- Data below:
::::

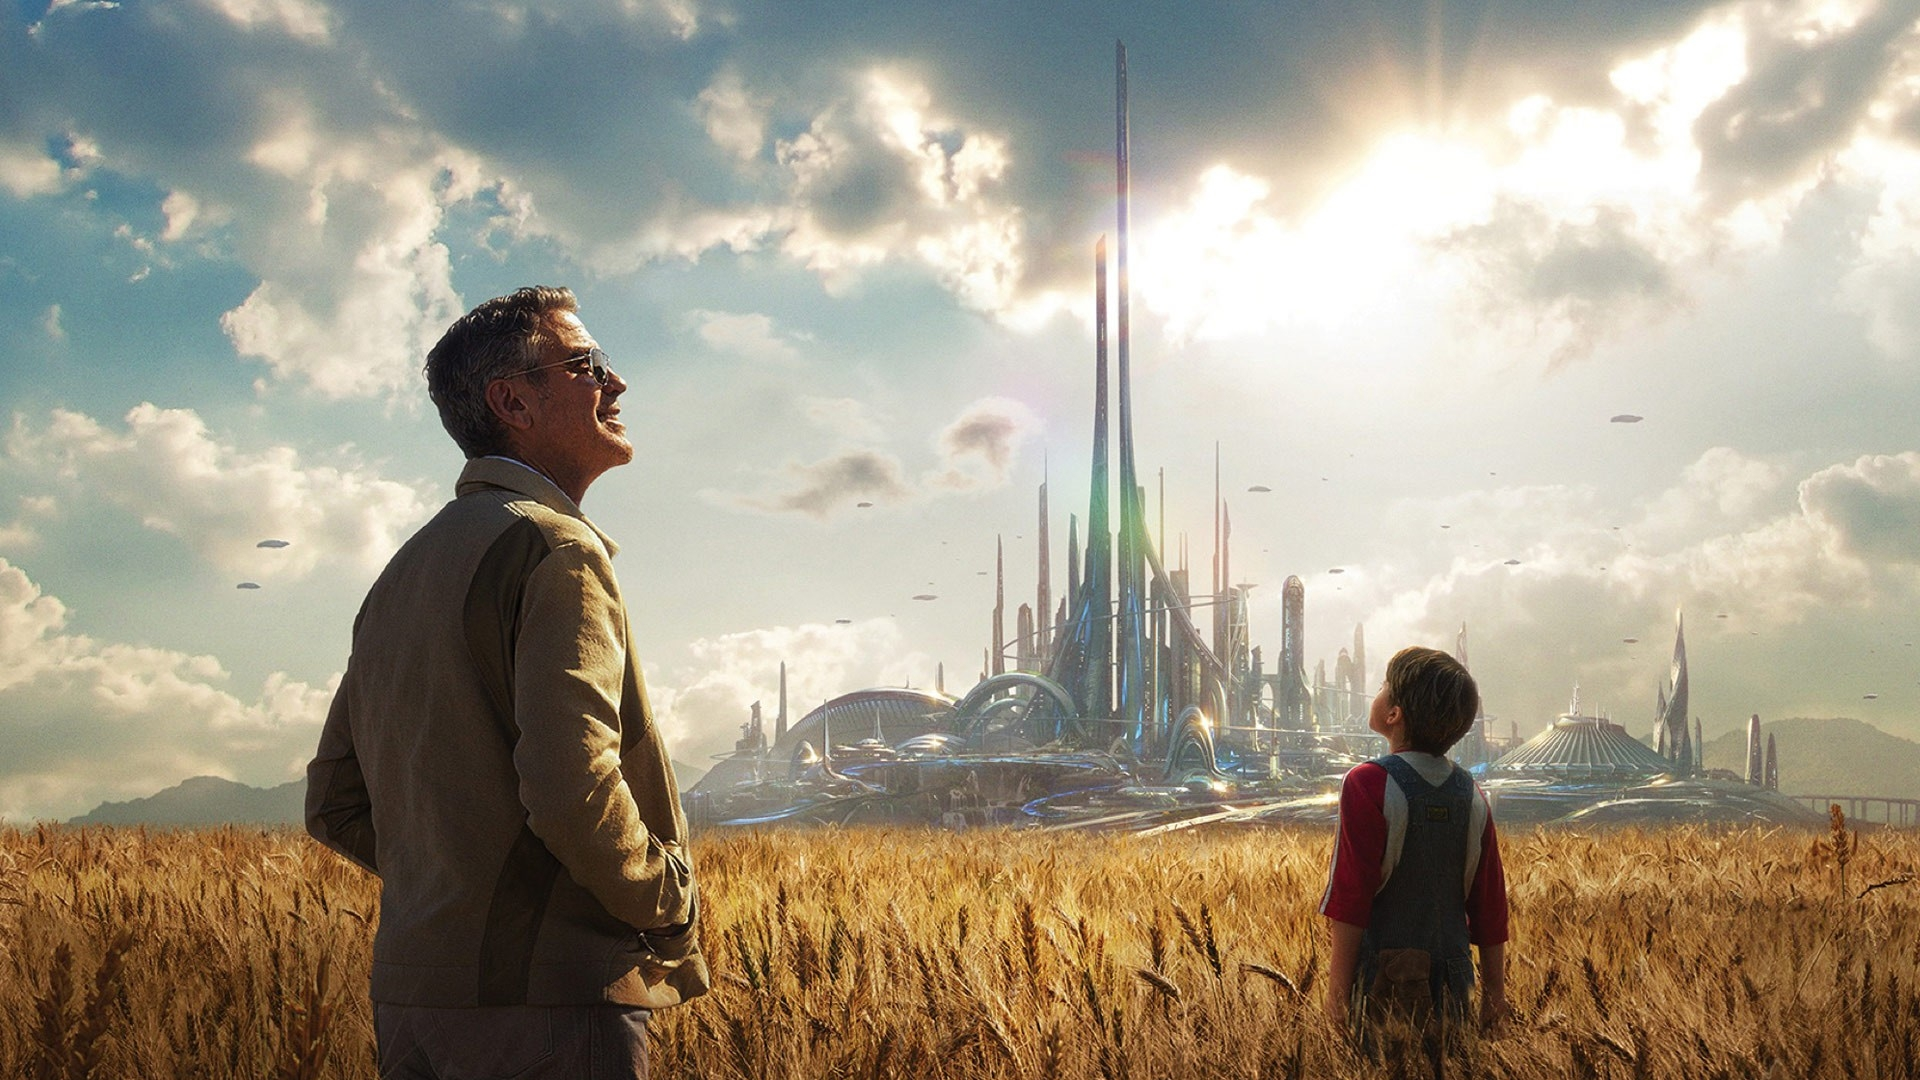 wide-tomorrowland-movie-2015-wallpaper.jpg
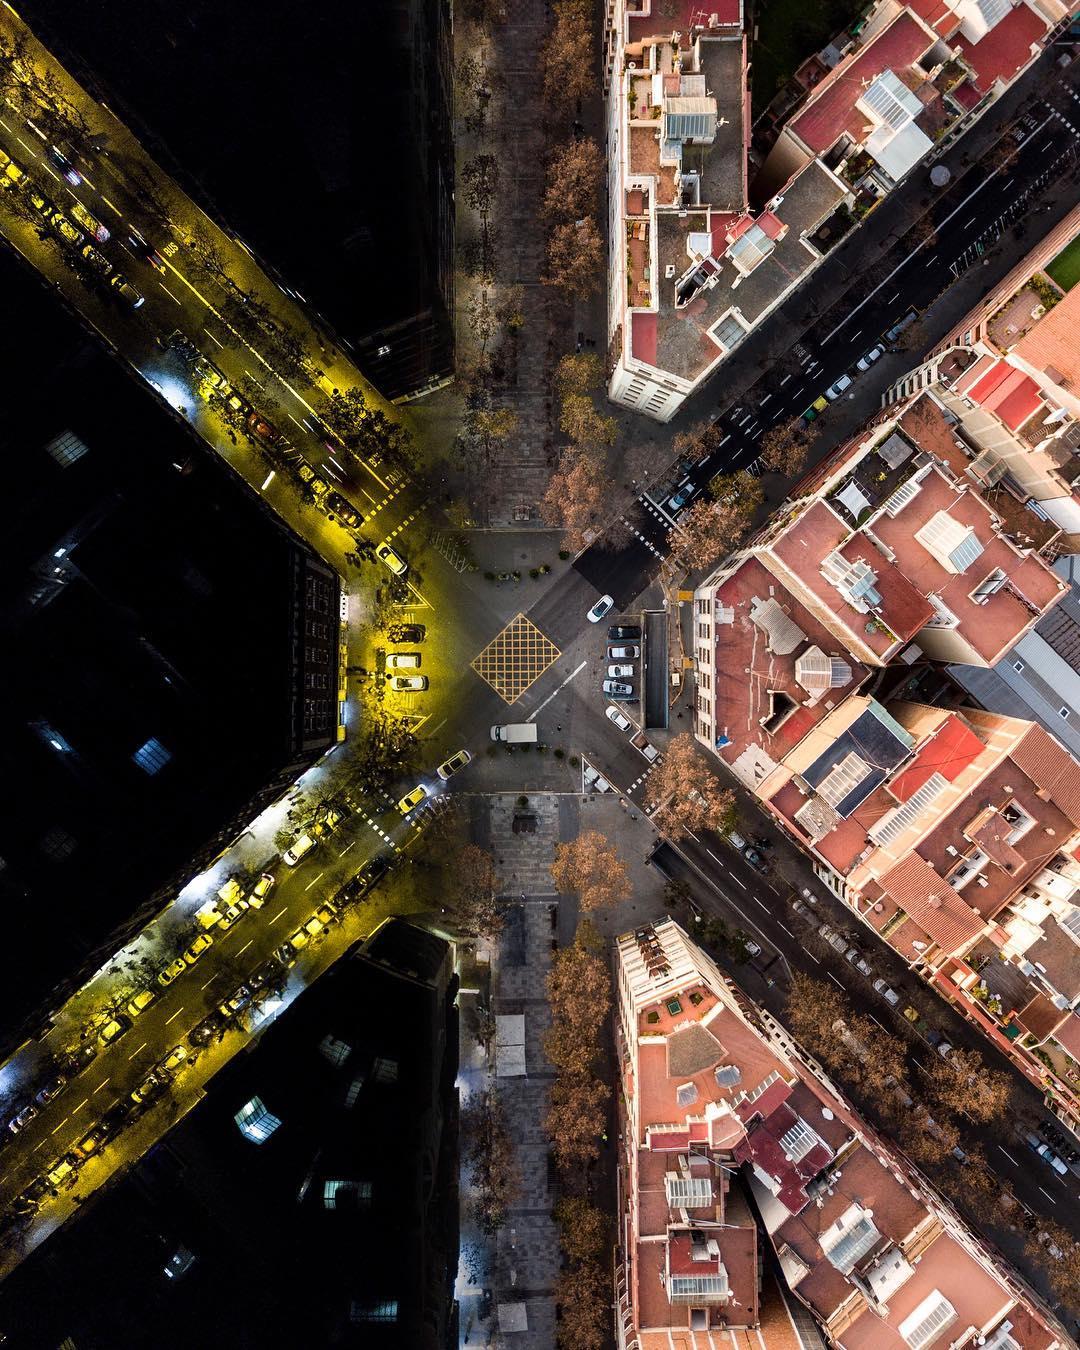 Barcelona aérea drone Marton Mogyorosy loqueva (12)
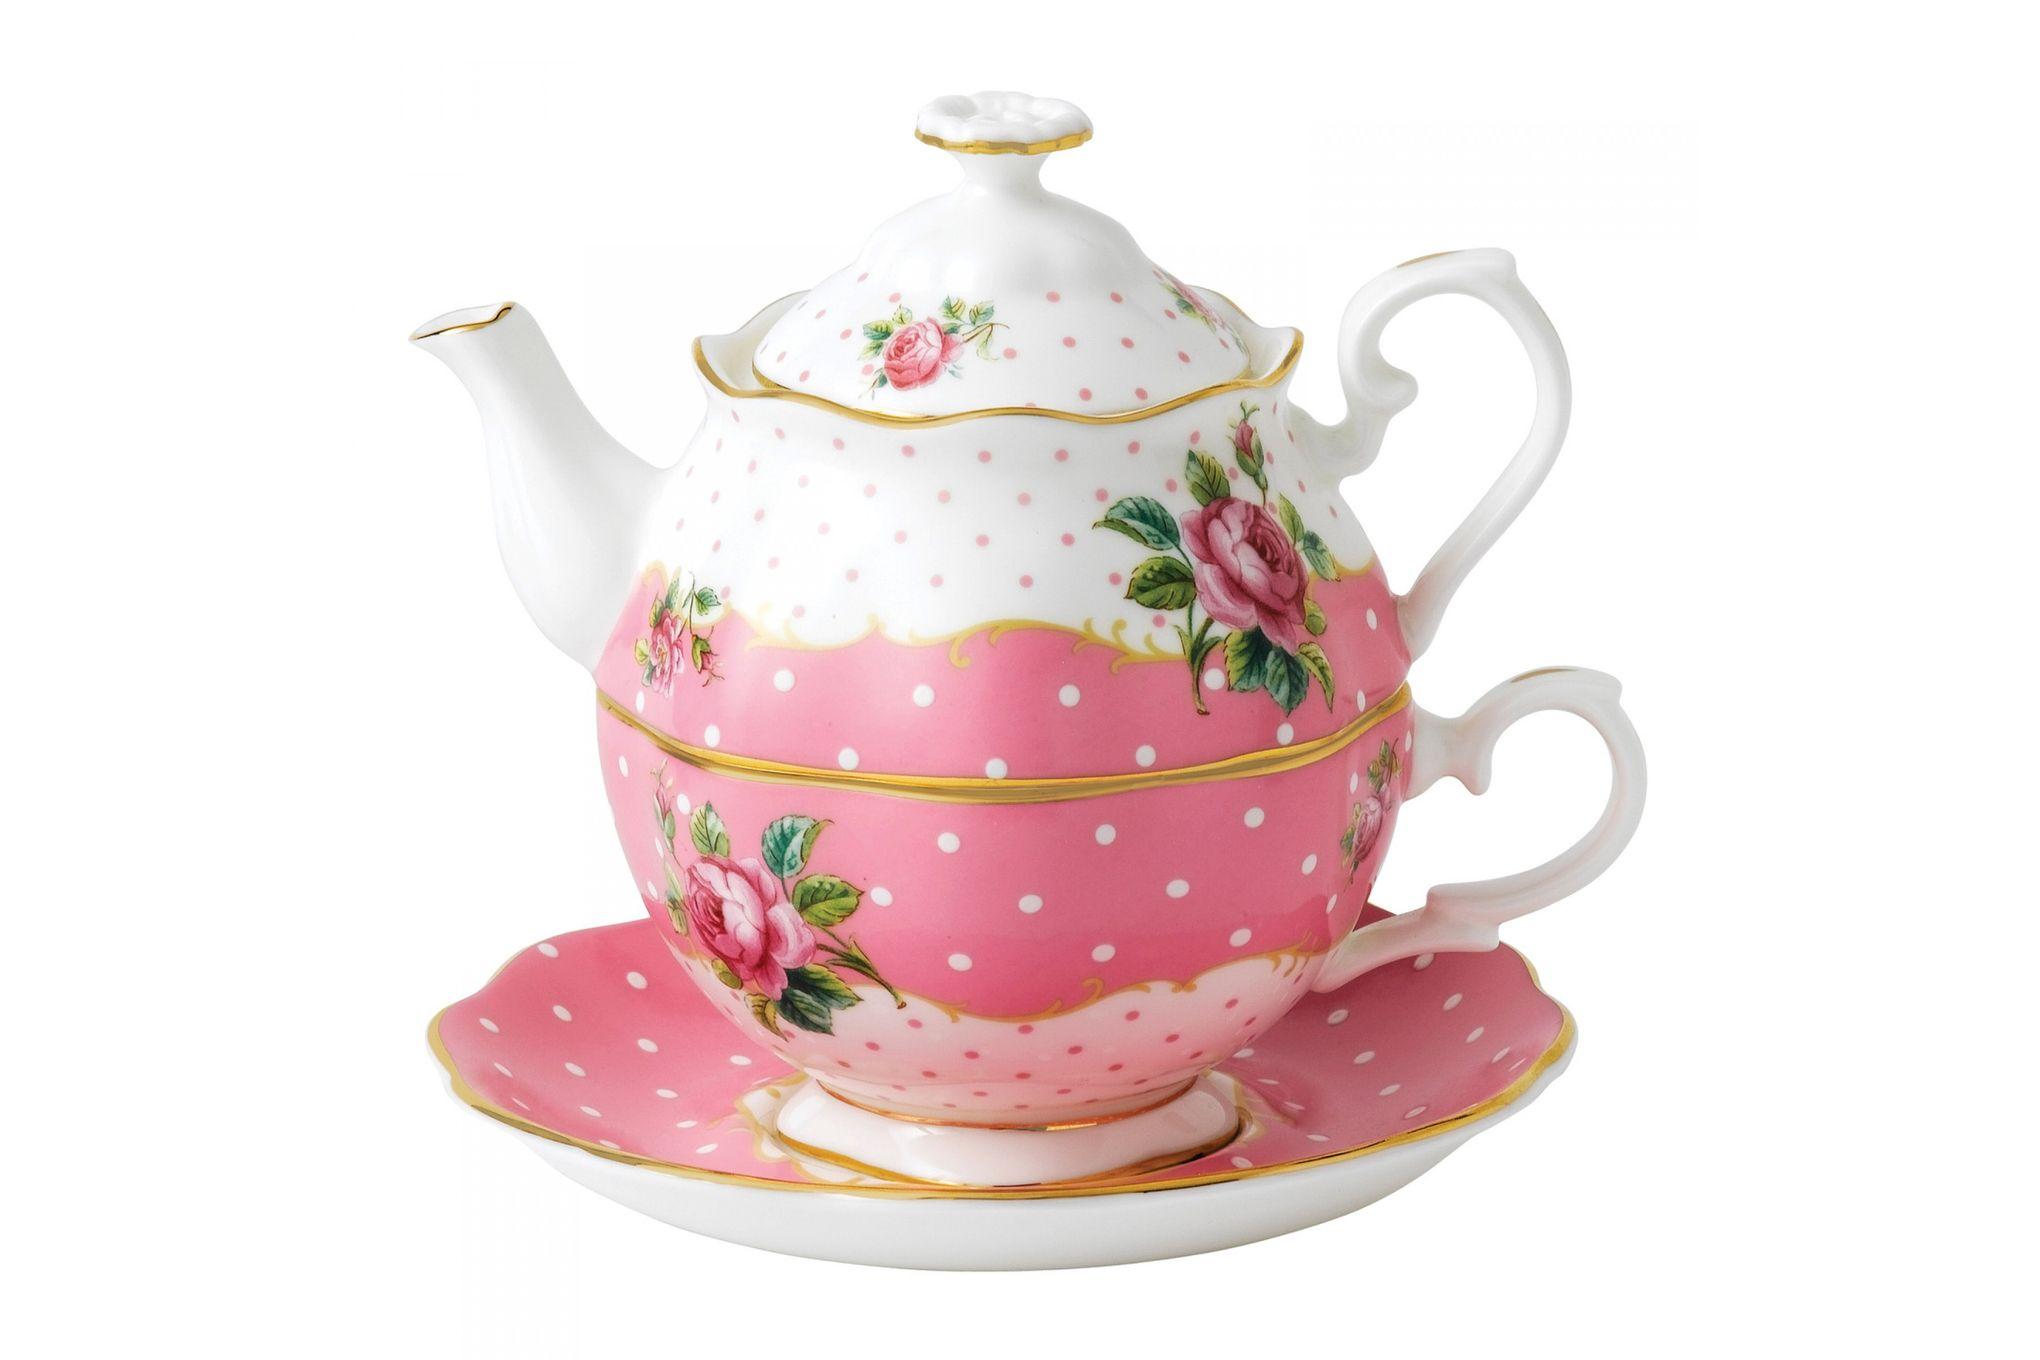 Royal Albert Cheeky Pink Tea For One Vintage Shape - Gift Boxed thumb 1

::::

- Your goal:
What this calls for is the material above set down exactly, pictures excluded.

- Solution to the problem:
 wide-tomorrowland-movie-2015-wallpaper.jpg
 Barcelona aérea drone Marton Mogyorosy loqueva (12)
 Royal Albert Cheeky Pink Tea For One Vintage Shape - Gift Boxed thumb 1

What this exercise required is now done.